A sessao solene ganhou ainda mais brilho com a presença dos músicos Márcia Tauil, Ana Cristina e Alberto Salgado. Pedro e João Ferreira também cantaram e tocaram, emocionando o público com melodia e interpretação.
Raízes nordestinas, frutos brasilienses
Vindos do Piauí na década de 1960 para estudar na Universidade de Brasília (UnB), os irmãos Ferreira trouxeram na bagagem a força da cultura popular, a poesia do sertão e o compromisso com a arte como instrumento de transformação social. Brasília os acolheu de braços abertos, e eles retribuíram compondo canções que se tornaram clássicos da música brasileira, como “Revelação”, “Ave Coração” e “Riso Cristalino”.
Antes mesmo de a capital ser reconhecida como berço do rock nacional, os versos refinados e a brasilidade do trio já faziam pulsar a vida cultural da cidade. Fagner assina a produção do segundo disco do trio: “Chapada do Corisco”. O sanfoneiro, cantor e compositor Dominguinhos, parceiro dos irmãos em várias composições (entre elas, “Caxinguelê” e “Dia Claro”), produziu o terceiro LP do trio: “Ferreira”. Clodo, Climério e Clésio ainda lançaram, juntos, outros três LPs em vinil, bem como o CD “Tiro Certeiro”. Eles trilharam, também, carreiras solo.
Além disso, o trio tem mais de 150 músicas gravadas por intérpretes de variados estilos, como Amelinha, Ângela Maria, Elba Ramalho, Fafá de Belém, Nara Leão, Os Cariocas e Tim Maia.
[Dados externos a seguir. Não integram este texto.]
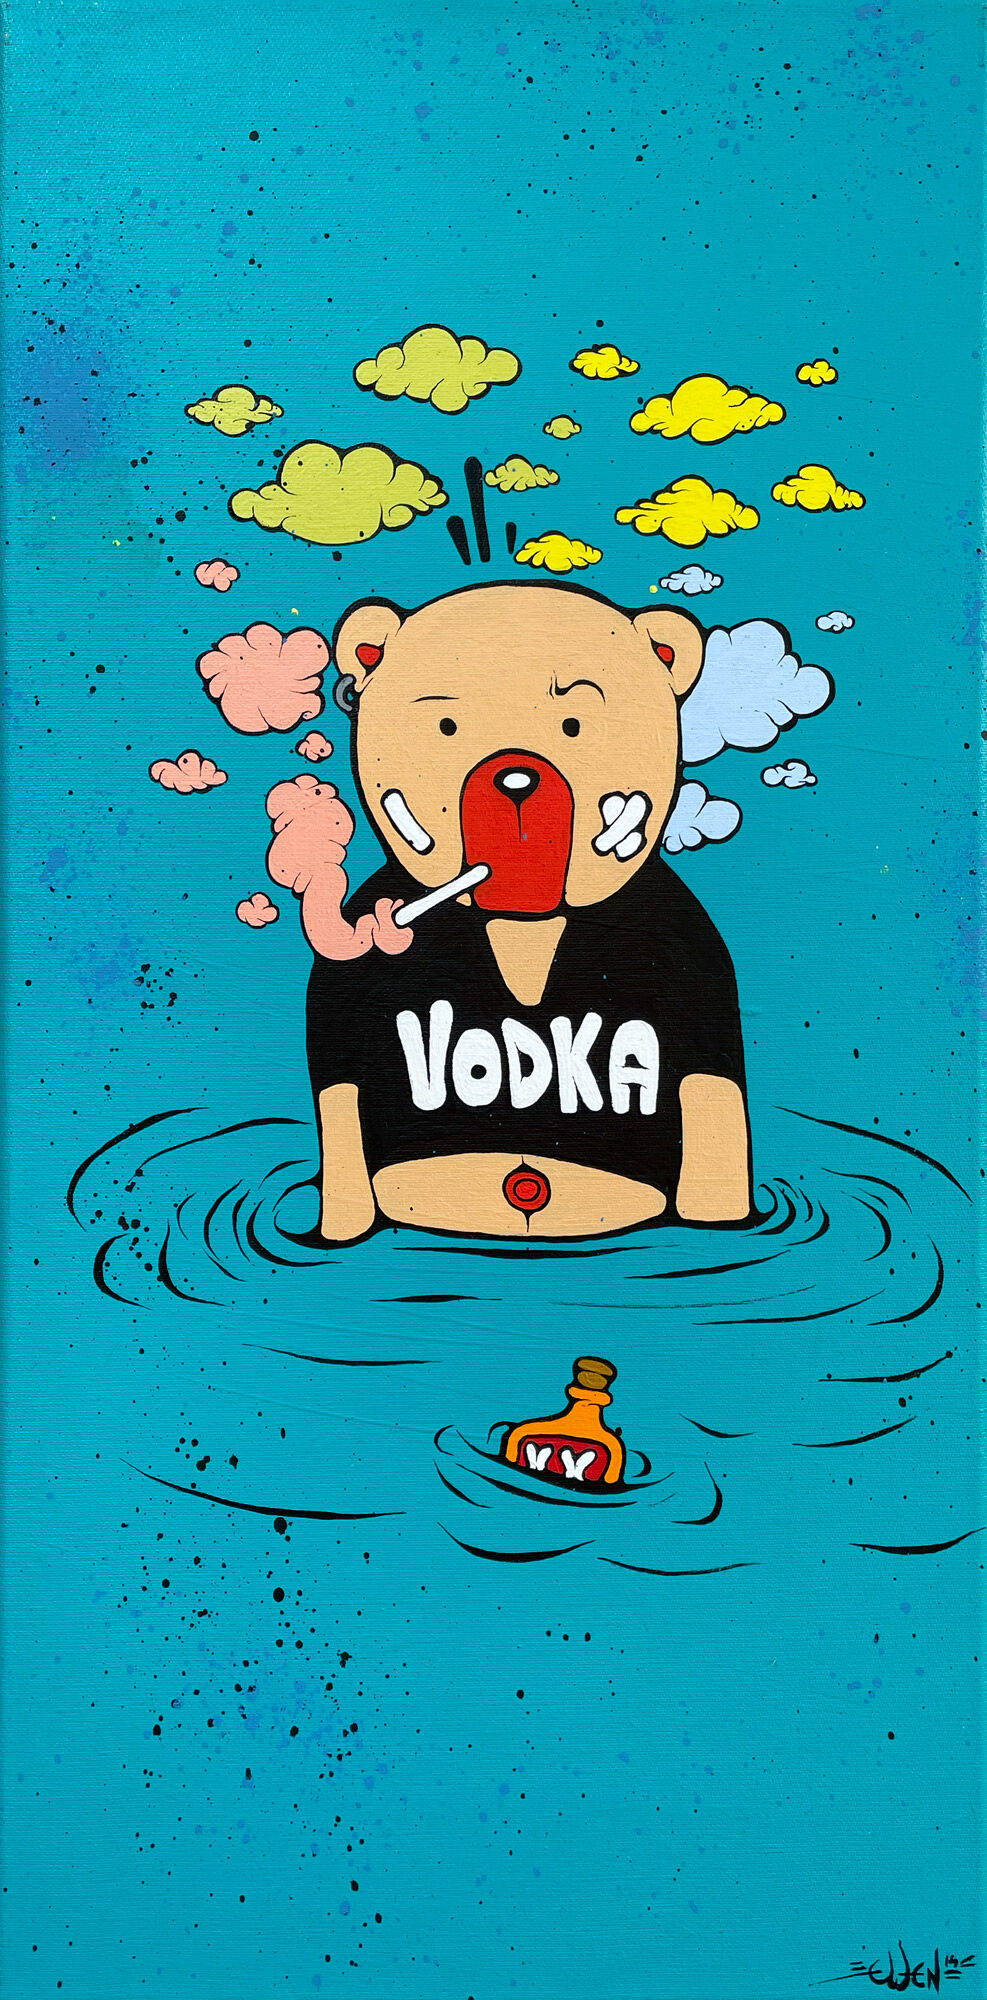 Billede "Drowning in Vodka" (2014) (Unikt værk) von Ewen Gur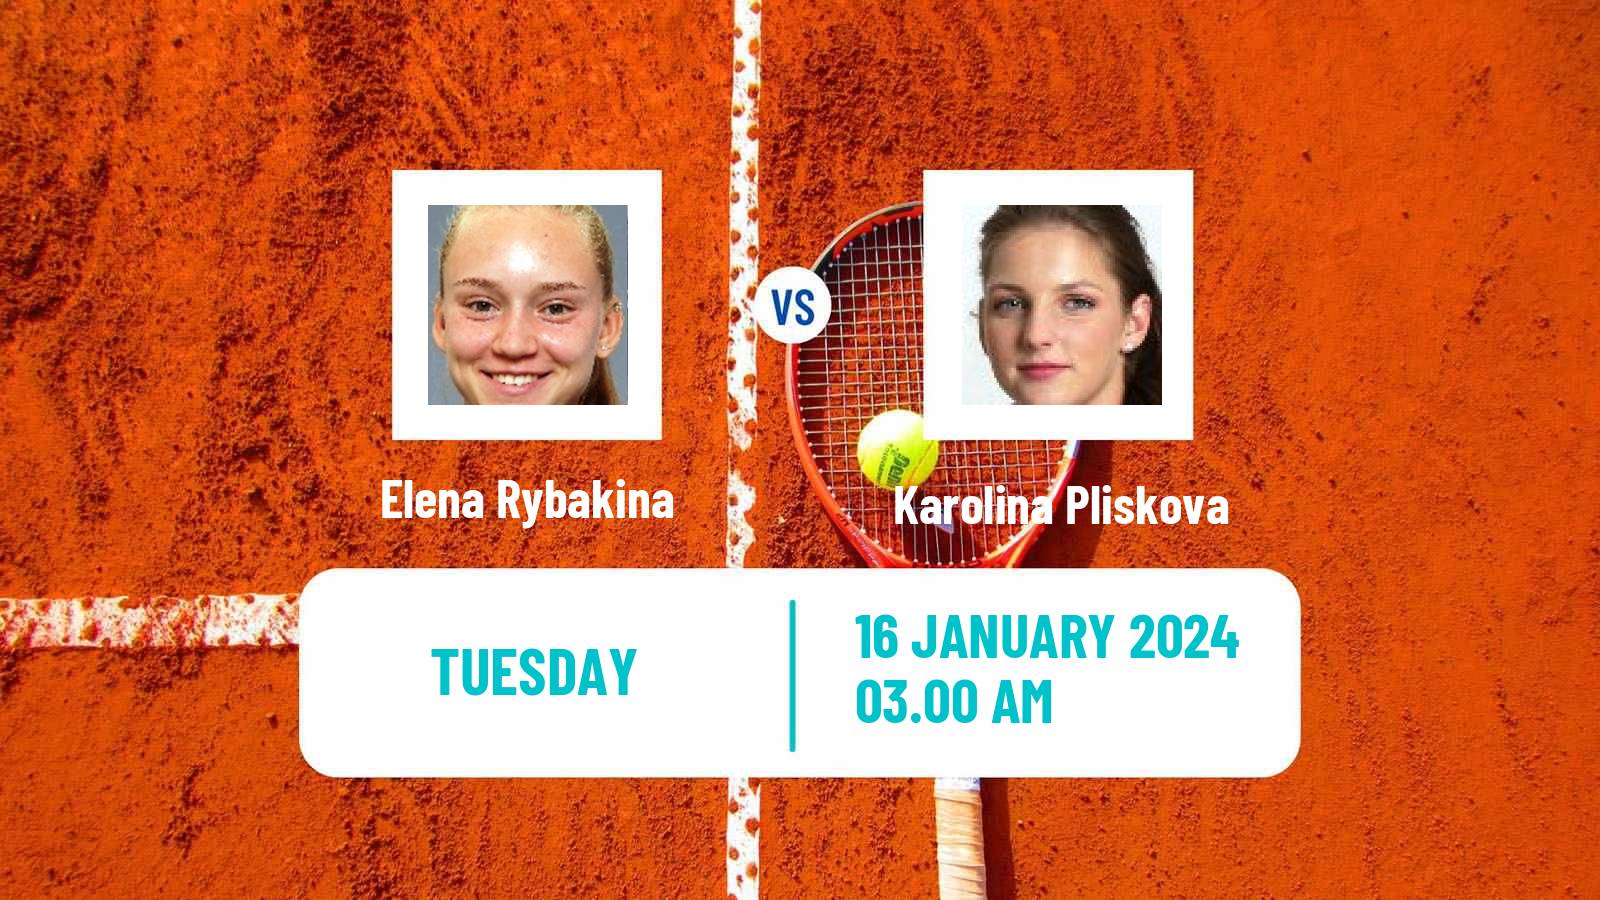 Tennis WTA Australian Open Elena Rybakina - Karolina Pliskova

Nara Leão compôs, em parceria com Fagner e Fausto Nilo, a música “Cli-Clé-Clô”, em homenagem aos três irmãos Ferreira. A canção integra seu LP “Romance Popular” (1981).
Cada um dos irmãos trilhou uma trajetória única e essencial para o legado coletivo. Clodo, multi-instrumentista e compositor versátil, foi um artista generoso, capaz de transformar sentimentos em melodias e traduzir em música o espírito da amizade e da liberdade. Clésio, professor dedicado e letrista sensível, uniu com maestria educação e arte, semeando conhecimento e construindo pontes por meio das palavras. Já Climério, poeta e comunicador nato, deu voz ao cotidiano nordestino e à memória afetiva do povo, transmutando vivências em uma poesia de alcance universal.
Cultura como trincheira e ato de amor coletivo
Durante a solenidade, Chico Vigilante destacou que homenagens como essa não apenas reconhecem trajetórias artísticas, mas também afirmam valores caros ao Partido dos Trabalhadores: a promoção da cultura popular como expressão legítima do Brasil profundo, a educação como direito transformador e a inclusão da diversidade regional como riqueza nacional.
“Esta é também uma reparação simbólica. Porque artistas populares, nordestinos, vindos da educação pública, são muitas vezes invisibilizados por um sistema que ainda elitiza a cultura. Mas hoje, aqui, a história faz justiça”, declarou o parlamentar.
Ao encerrar o evento, Chico Vigilante afirmou que os irmãos Ferreira deixaram muito mais que canções: deixaram exemplos de vida e arte que inspiram novas gerações. “Cultura não é adorno, não é luxo. Cultura é raiz. É espelho. É trincheira. E, sobretudo, é ato de amor coletivo.”
A Câmara Legislativa se iluminou com a grandeza dos homenageados, e Brasília os reconheceu com a reverência de quem compreende o valor das vozes que constroem, com arte e consciência, a alma de um povo. “Brasília os reconhece. Brasília os reverencia. Brasília os aplaude de pé”, finalizou o parlamentar.